В семье не разделяли ее интересов: она пела, танцевала, во дворе играла в войну — как в кино! — разыгрывала индийские фильмы...
— Когда закончила школу, родственники сдали мой аттестат в мединститут, а свидетельство — в медучилище.
— Кто сдал?
— Сестра, она была зубным врачом, и зять, хирург. У себя во Фрунзе они создали для меня все условия: детей уводили в садик, дома никого, тихо, занимайся! А я оттолкну учебник — и в слезы. Вслух противиться не смела, но меня точила одна мысль: не хочу в медики! Только петь, танцевать, играть какие–то роли...
Так “молча гибла”. Придя на испытание в медучилище, она взмолилась: “Поставьте мне двойку!”.
— Я показала на зятя, который вышагивал возле окон: видите, меня караулят. А я не хочу здесь учиться!
Просьбу уважили.
С пятеркой по специальности Назира Мамбетова поступила в музпедучилище, успела проучиться восемь месяцев. И вдруг узнала: набирают студентов в ГИТИС! На экзамен приехал ректор института. Он и задал ей этюд — принести ему на стол самовар. Ох и помучил москвич несчастную! То она тлеющую золу на стол “уронила”, то забыла поднос, а то и вовсе “опрокинула” пыхтящий чайный агрегат... Вскрик “обожженного” ректора слился с ее испуганными ахами. Чуть не плача, она лепетала извинения.
— Я поверила, что опрокинула самовар, поверила!
Потом почитала, потанцевала, попела она уже, наверное, только для порядка. Пятерка! Ее приняли после первого же тура.
— Дома сказала, что поступила в московский институт. Но куда — никто не знал. Как–то на каникулах женщина из села спросила, где учусь. Я и ответила: “В консерватории”. Приезжаю через год, односельчанка меня хвалит: “Какая молодец, что учишься на заводе, где делают консервы”. Я ужаснулась: вот попала в историю!
Вкусы у нее, воспитанной на игре великих — скажем, во МХАТе видела Тарасову, Степанову, Кторова, Яншина, — строгие.
— А в музыке?
— Не всякая музыка нравится. Но вот вчера слушала по радио Второй концерт Рахманинова для фортепиано с оркестром и думала: “Господи, что за чудо!”. Я мелодию слушать люблю.
— А как относитесь к эстраде?
— Если трум–бурум, непонятно что бомбят — не воспринимаю.
— Вам, как драматической актрисе, наверное, важен текст?
— Обязательно. Он для меня сливается с музыкой. Тогда рождается песня. А если мелодия говорит об одном, слова — о другом, это не песня, а неудача.

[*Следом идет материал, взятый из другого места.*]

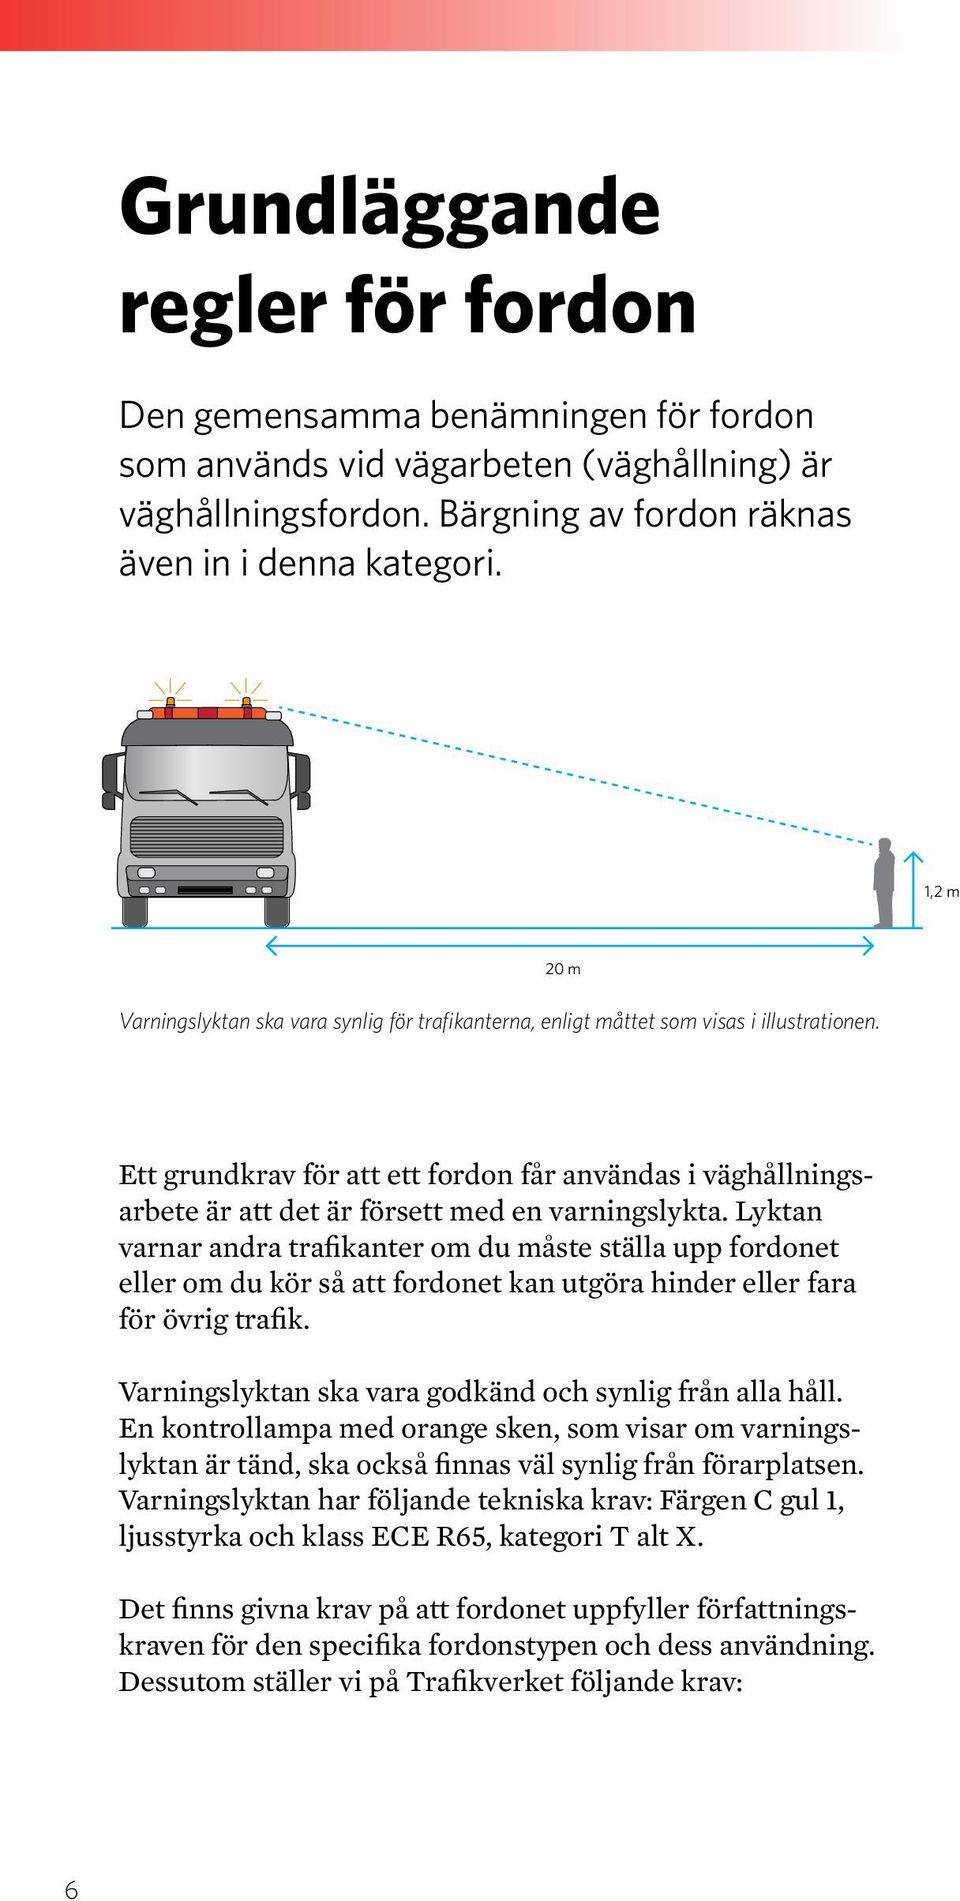 Ett grundkrav för att ett fordon får användas i väghållningsarbete är att det är försett med en varningslykta.

Свою первую роль в кино она сыграла на “Мосфильме” еще студенткой четвертого курса. Это была Кадича в картине “Я — Тянь–Шань”. Так назвала режиссер Ирина Поплавская свою киноверсию айтматовской повести “Тополек мой в красной косынке”. Потом пошли Гашар в знаменитой мосфильмовской “Земле Санникова”, Бекей в “Белом пароходе”, жена председателя в “Ранних журавлях”... В этой цепочке кинообразов зияет вынужденный разрыв, большой, в четыре года: в начале девяностых кыргызское кино было парализовано безденежьем.

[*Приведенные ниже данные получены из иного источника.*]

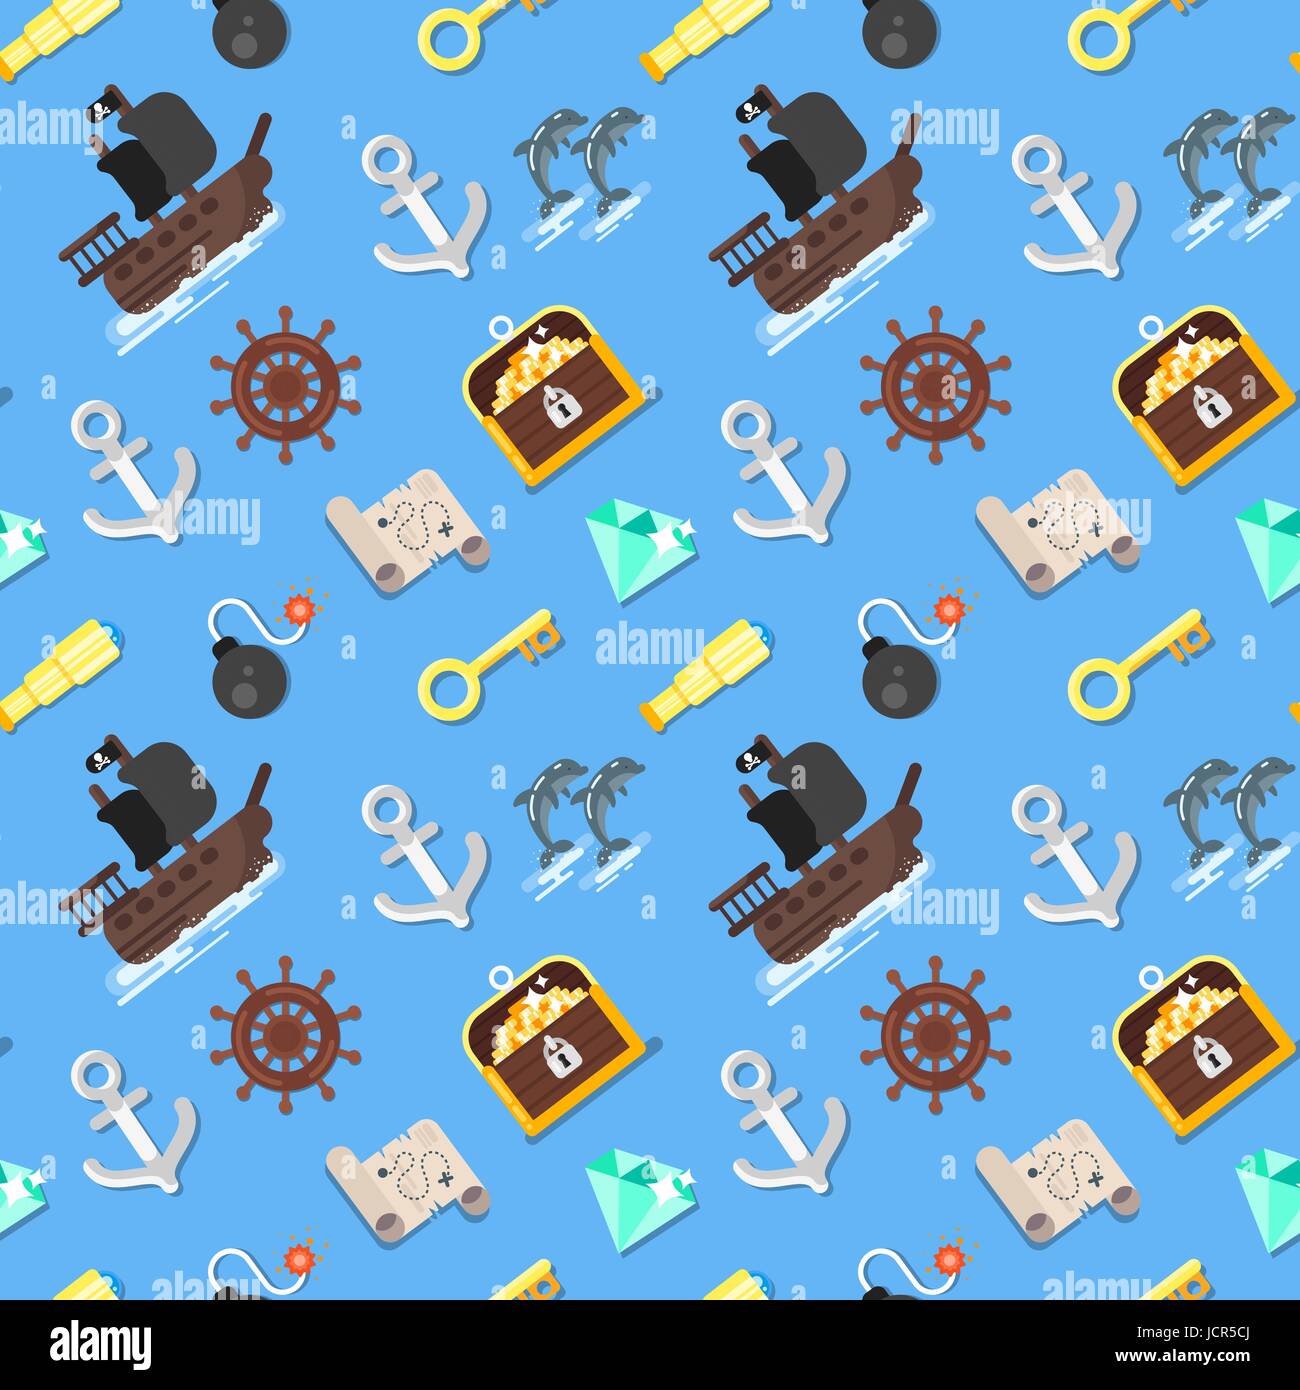 Flache nahtlose Vektormuster mit Piratenschiff, Schatztruhe, Karte und Schlüssel. Isoliert auf blauem Hintergrund. Stock Vektor

— Ваш роман с синема продолжается?
— Да, последние работы — мать в “Карагыз” Базарова, свекровка и мать Улана в телесериалах “Издейм сени” и “Апамдын махабаты”. Утверждена на картину “Окно”, съемки которой скоро начнутся на “Кыргызтелефильме”.
— Назира, а как все–таки ваши родственники узнали, что в Москве вы учитесь не консервы делать?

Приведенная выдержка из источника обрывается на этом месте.